Remy almost didn’t hear the muffled sound with his headphones on, but his jams just happened to be paused at that exact moment. Moving slowly, he eased an arm over to the tissue box on the side table and pulled one out without disturbing his boyfriend, whose head was in his lap. He waited until he heard a second sneeze before silently offering the tissue with a dry, “Gesundheit.”
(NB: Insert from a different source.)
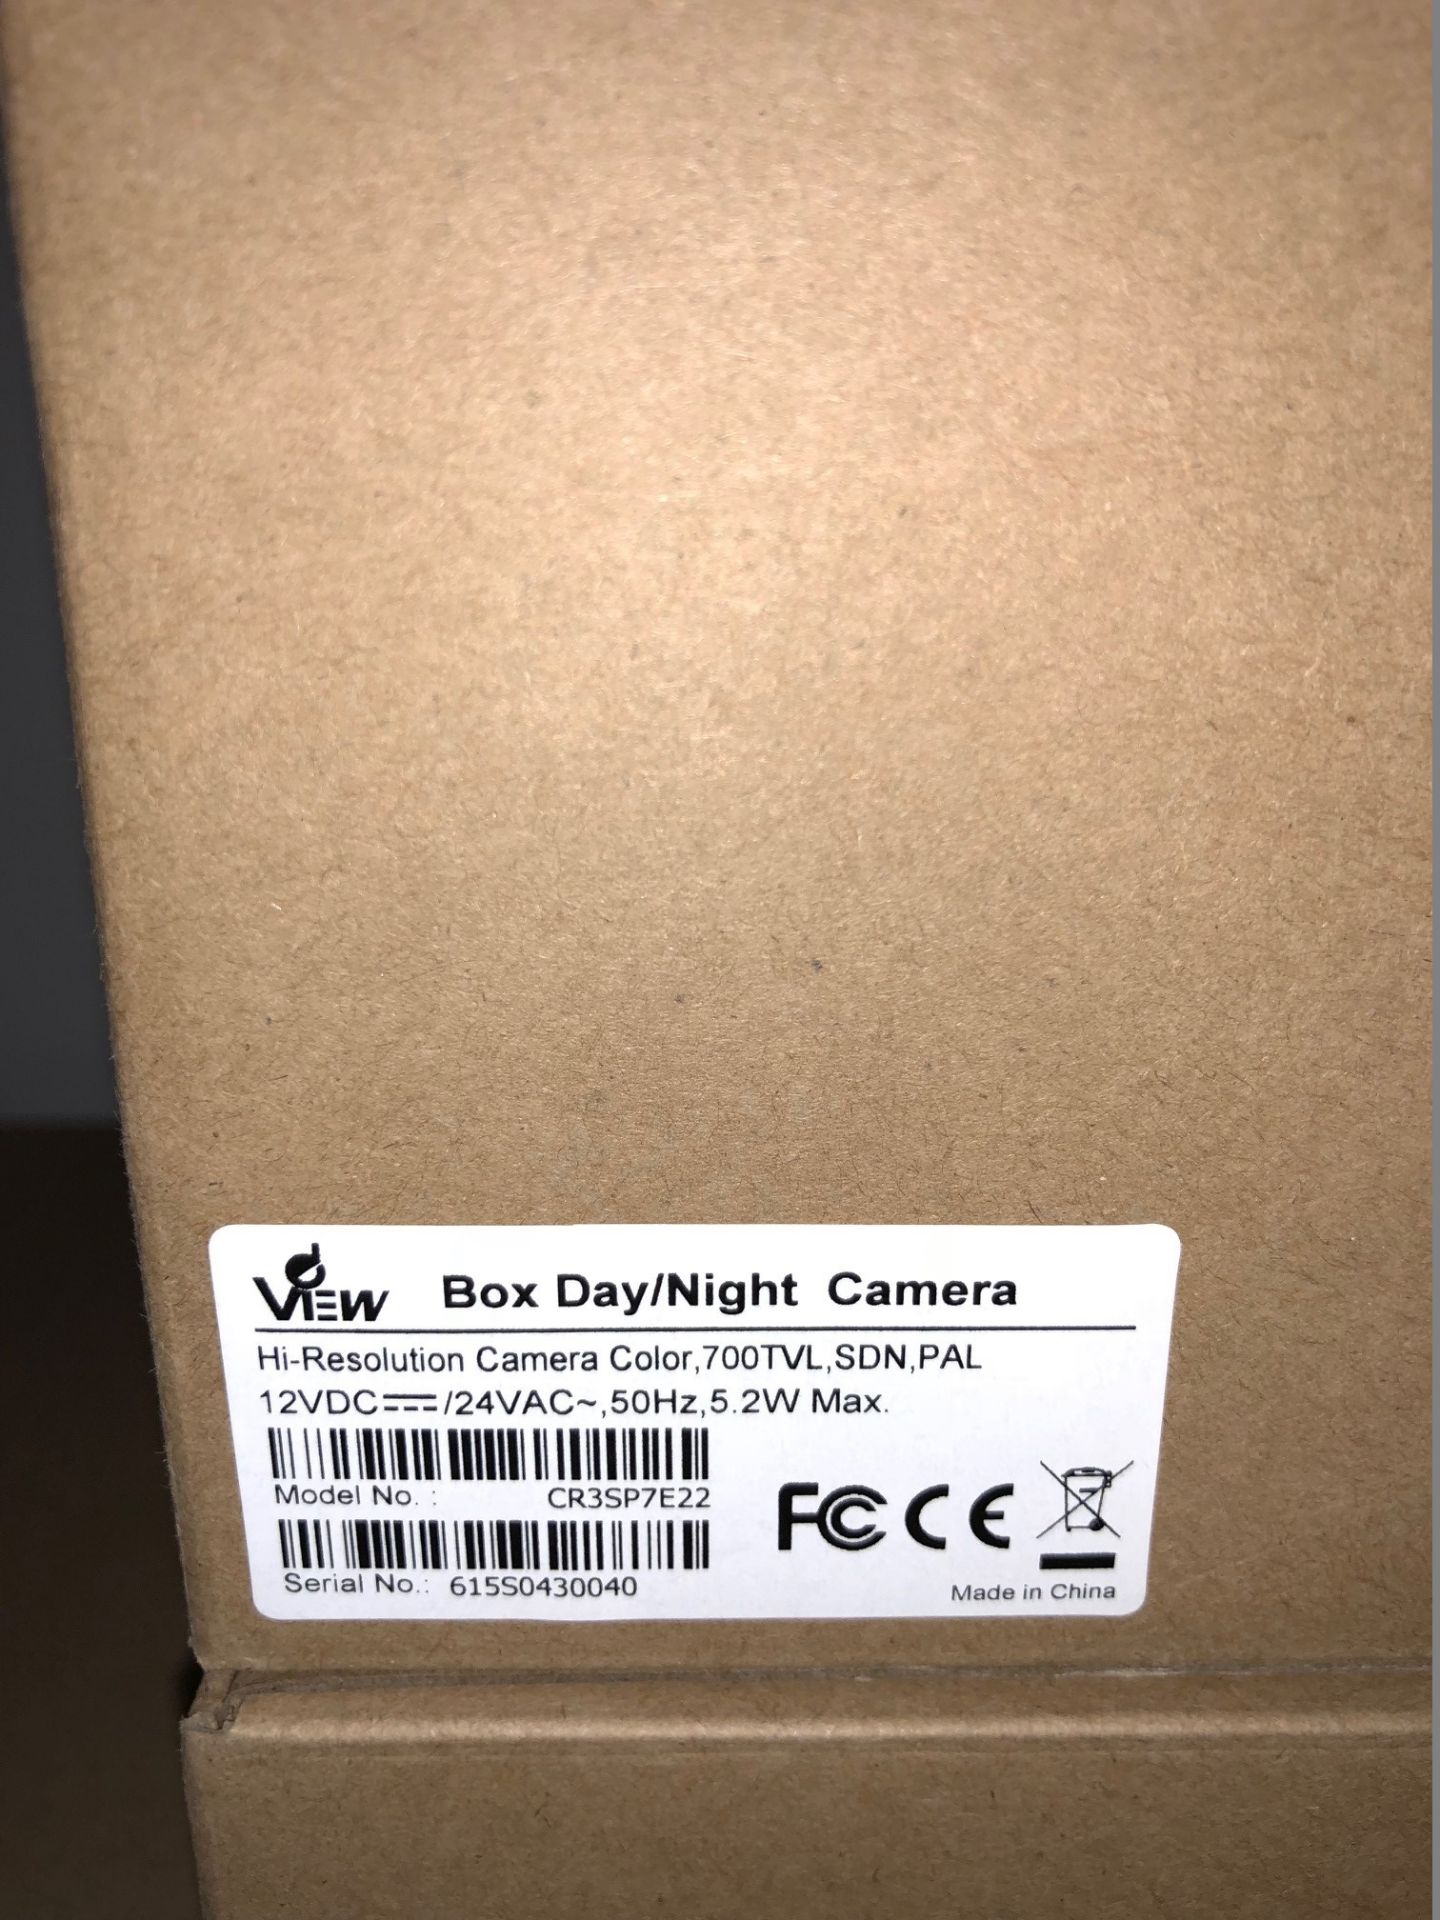 4 x dView Day/Night Cameras - Hi-Resolution Colour Camera, 700TVL, SDN, PAL - Model CR3SP7E22 (Brand - Image 2 of 3

“Thank you, moonlight,” Logan said automatically, blowing his nose. Then he looked up into Remy’s face, noting the very arched brow and all-too-familiar expression.
“Babes, what was it that I told you last week?”
Logan colored slightly, a dusting of pink across light tan skin. “I don’t believe I recall the exact phrasing-“
Remy arched his eyebrow even harder, and Logan looked down. “You said that if I continued to kiss you, I’d get sick too.”
Remy ran his fingers through Logan’s long hair, for once free from his usual top knot to pool in ebony waves in Remy’s lap. “And what did you tell me?”
“That based on the normal way in which infections such as rhinovirus are transmitted, i.e. the normal 7 to 10 day delay in between transmission and display of symptoms, it was statistically likely that I had already caught your illness before you started sniffling.”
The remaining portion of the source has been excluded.